To an outsider, it one hundred precent feels like the default of the pip project is “reject all proposals because we’re underwater in tech debt” and the rationalizations come later and have no connection to the value of the underlying proposals.

earthboundkid commented 4 years ago

https://github.com/pypa/pip/issues/4995#issuecomment-575691807

Look at the pros and cons list here. I think it’s a good summary. The cons of changing the behavior are “requires work from pip team”. That’s it. If you’re underwater in tech debt and can’t solve issues, fine, that’s open source. Life is tough and not all bugs are high priority. But don’t make up rationalizations that make no sense to defend behavior that was never designed and just emerged organically and unintentionally.

pfmoore commented 4 years ago

This is crazy.

the default of the pip project is “reject all proposals because we’re underwater in tech debt”

don’t make up rationalizations that make no sense

@carlmjohnson You might want to tone down your criticisms a little.

Look at the pros and cons list here.

OK, so looking at those pros and cons:

  1. Has anyone submitted a PR yet? There's very little chance of the pip developers making one (yes, we have very limited resources, and pretty much all of it is on a volunteer basis). Compared to a lot of other issues, and in spite of there being a lot of debate here, this is not a high priority issue affecting a lot of our users.
  2. Even with a PR, the change will still need pip developer input in the form of reviews, possibly coding assistance, and ongoing maintenance. So it will still be a slow process. Nobody's "blocking" anything, that's just open source with limited volunteers for you.
  3. Conversely, splitting requirements into 2 calls is something that an end user can do right now. It may not fit their workflow as well as a single call, but that's something they can decide for themselves. They aren't waiting on anyone else for a solution. To me, that's a big benefit.
  4. If a wrapper project like poetry needs to change to make 2 pip calls instead of one, then they have that option. They can also declare hash-checking and editables as unsupported until pip adds support. Or they can offer a PR to help pip implement support. Just like any other user of pip. And poetry users should probably be having the discussion with poetry in the first instance, not with pip directly.

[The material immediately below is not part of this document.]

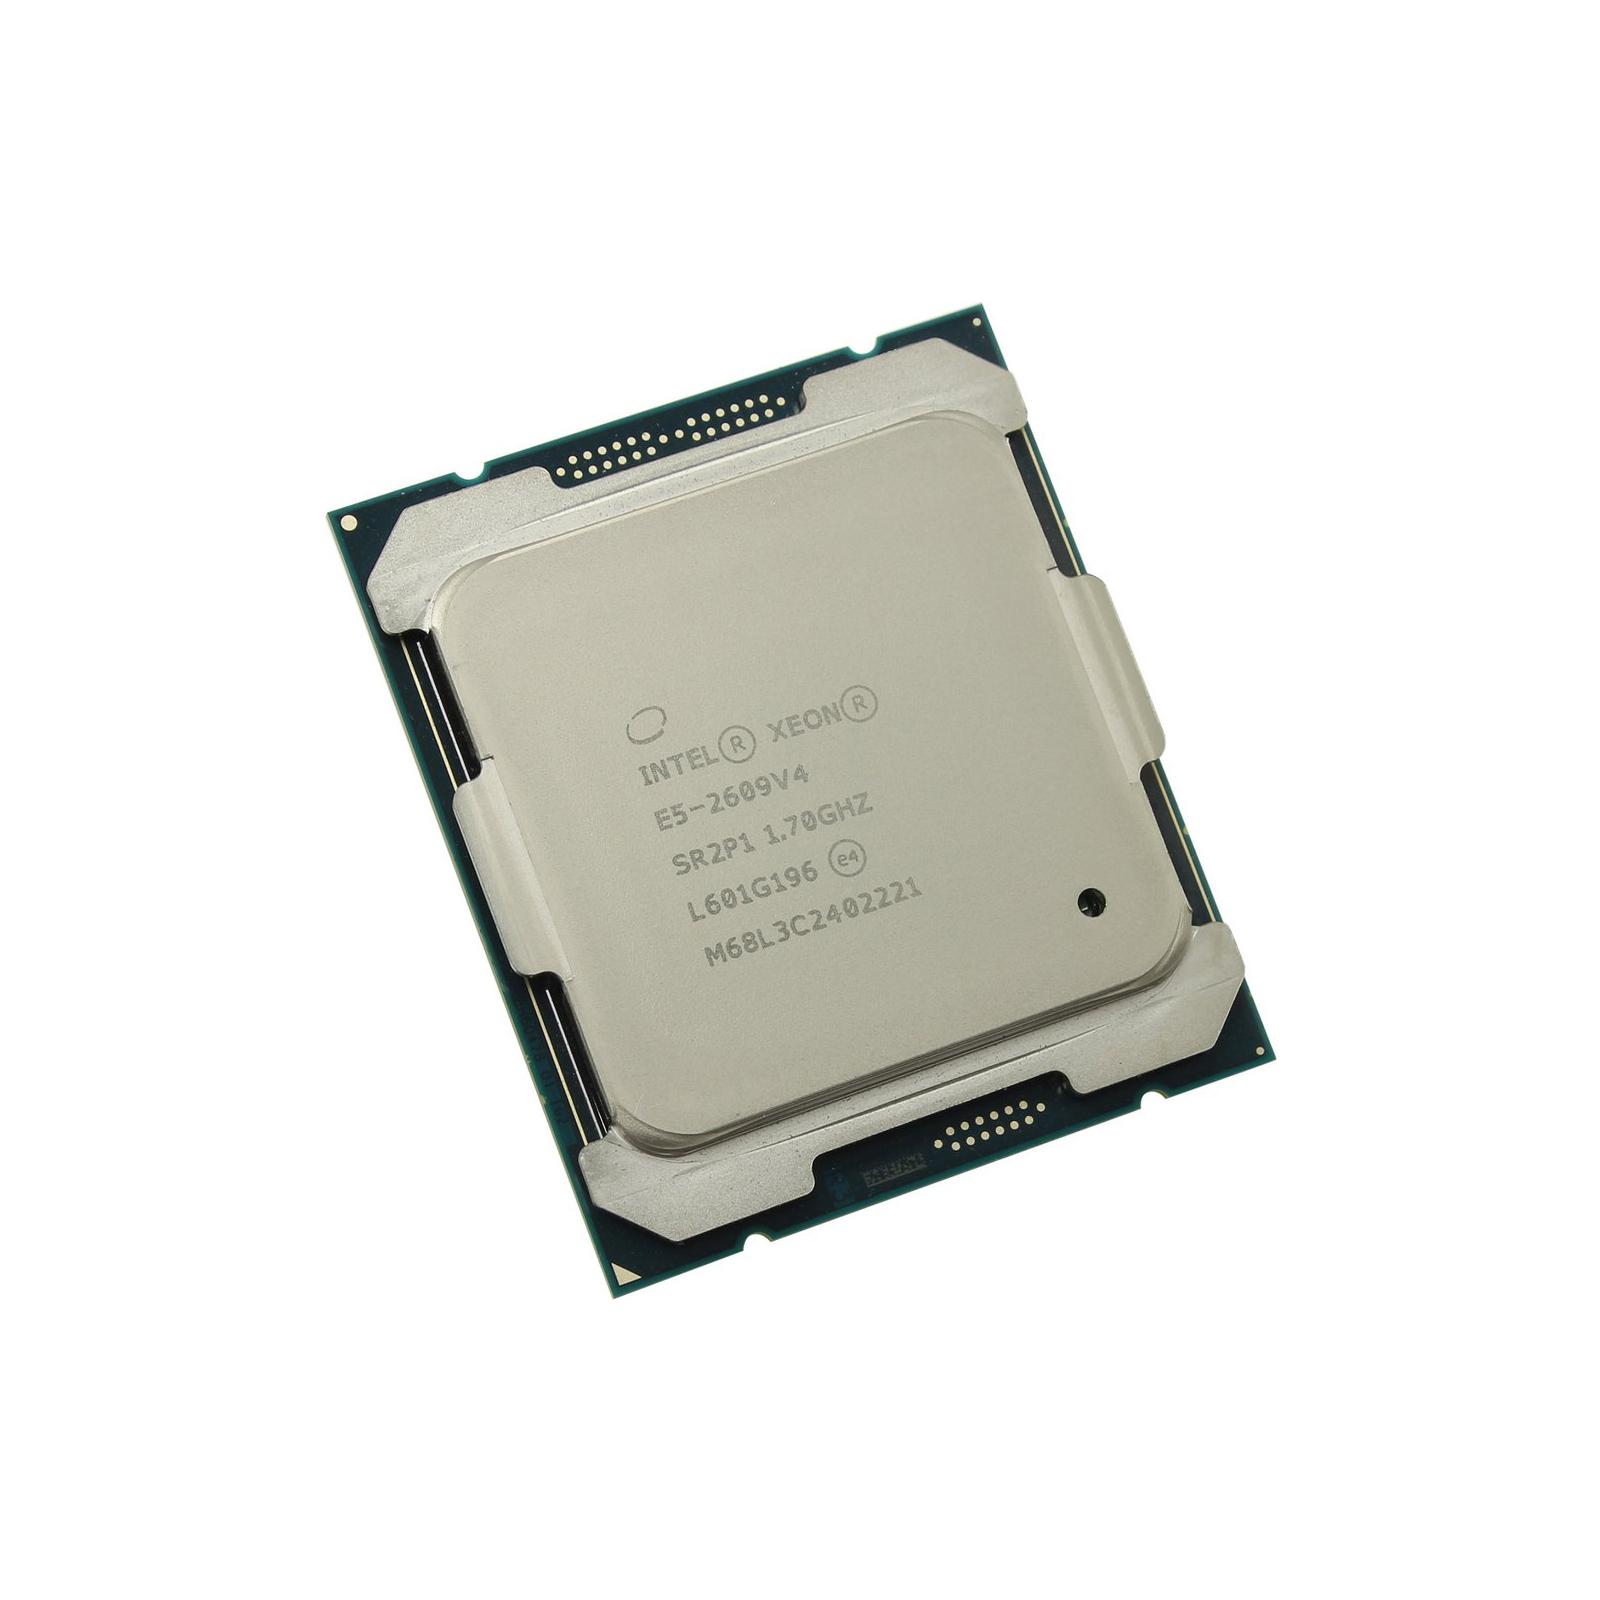 Процессор серверный INTEL Xeon E5-2609V4 8C/8T/1.70GHz/NoGfx/6.40GT/20MB/FCLGA2011-3 T (CM8066002032901) изображение 3

But don’t make up rationalizations that make no sense to defend behavior that was never designed and just emerged organically and unintentionally.

I haven't been following this discussion very closely, so I don't intend to try to address this in detail, but do you really think that the pip developers are spending time undermining proposed solutions for no better reason than to block them? We can block solutions at far less effort by simply ignoring the thread altogether...

earthboundkid commented 4 years ago

I'm sorry if my tone was off, but I really feel like we're being gaslit. Look at the comments and emoji reactions from people not on the PyPA team. They all agree: this would be a nice feature and it's annoying not have by default. If it can't happen for priority reasons and you need someone else to find the time do a patch, again that's fine, that's life. But why make up these rationalizations as though we're wrong for wanting an obvious feature? Why respond to my comment at all? Delete it as off topic if you thought I was too harsh or just leave it with no reply. As I read it, it just comes out to a long way of saying "submit the patch, otherwise forget it."

pfmoore commented 4 years ago

I've just reviewed all of the comments from pip developers (and experienced contributors to pip) in this thread. None of them are "rationalisations" or any sort of objection. They explain the current behaviour and discuss options for addressing the requirement, nothing more.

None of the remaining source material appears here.